Processors in Mankato, Minnesota, cut the premium to 6 cents a bushel over July futures yesterday, down from 80 cents a week earlier, according to data compiled by Bloomberg. Export terminals near New Orleans cut premiums to 86 cents over Chicago futures for July delivery today, down from $1.48 a week earlier, according to the U.S. Department of Agriculture. Prices surged as much as 11 percent since the end of April, reaching a six-month high yesterday.
“The soybean basis is retreating in both the U.S. and South America, after farmers increased sales this week,” Richard Feltes, the vice president of research for R.J. O’Brien & Associates in Chicago, said in a telephone interview. “Crushers now have enough supplies until the end of June.”
Soybean futures for delivery in July slid 1.6 percent to close at $14.7625 a bushel at 1:15 p.m. on the Chicago Board of Trade, paring this week gain to 1.9 percent. It was the fourth straight weekly increase, matching a run of advances through Feb. 1. Yesterday, the price touched $15.4675, the highest for a most-active contract since Nov. 2.

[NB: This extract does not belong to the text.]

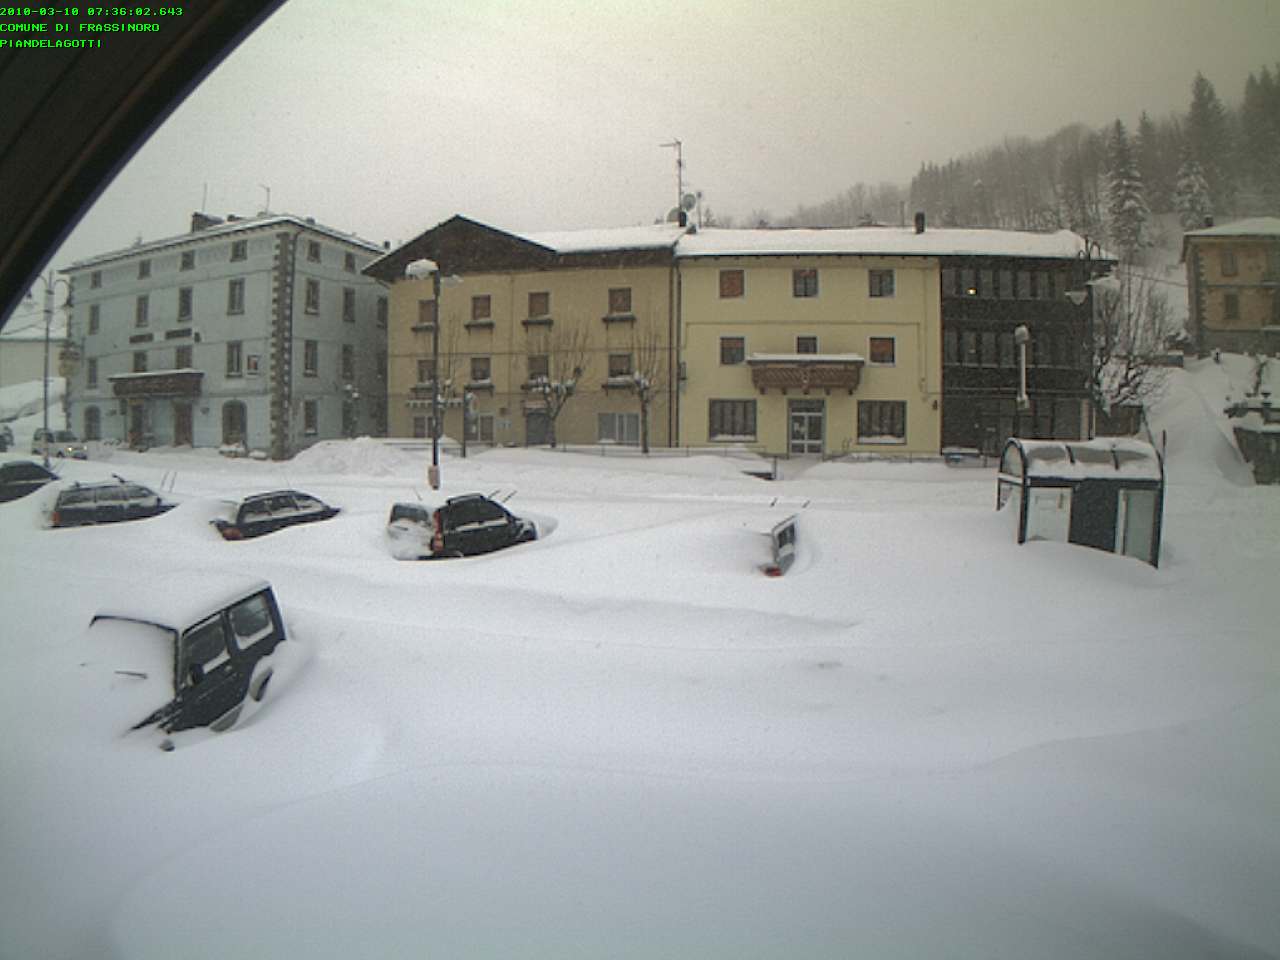 Snow in Frassinoro Piandelagotti

Soybeans for delivery in November, after the harvest, rose 0.4 percent to $12.4775 on forecasts that wet weather will slow planting in the U.S., increasing the risk of lower yields.
Trading of oilseed and grain futures in Chicago will be closed May 27 for a national holiday.
Wheat futures for July delivery declined 0.8 percent to $6.975 a bushel on the CBOT. Prices gained 2.1 percent this week on speculation that demand for U.S. inventories would increase. U.S. exporters sold 180,000 metric tons of soft red winter wheat to China, the USDA announced today.
Corn futures for December delivery rose 0.3 percent to $5.365 a bushel in Chicago. The contract has fallen 11 percent this year as farmers plan to sow the most acres since 1936 and rains have replenished soil moisture after last year’s drought.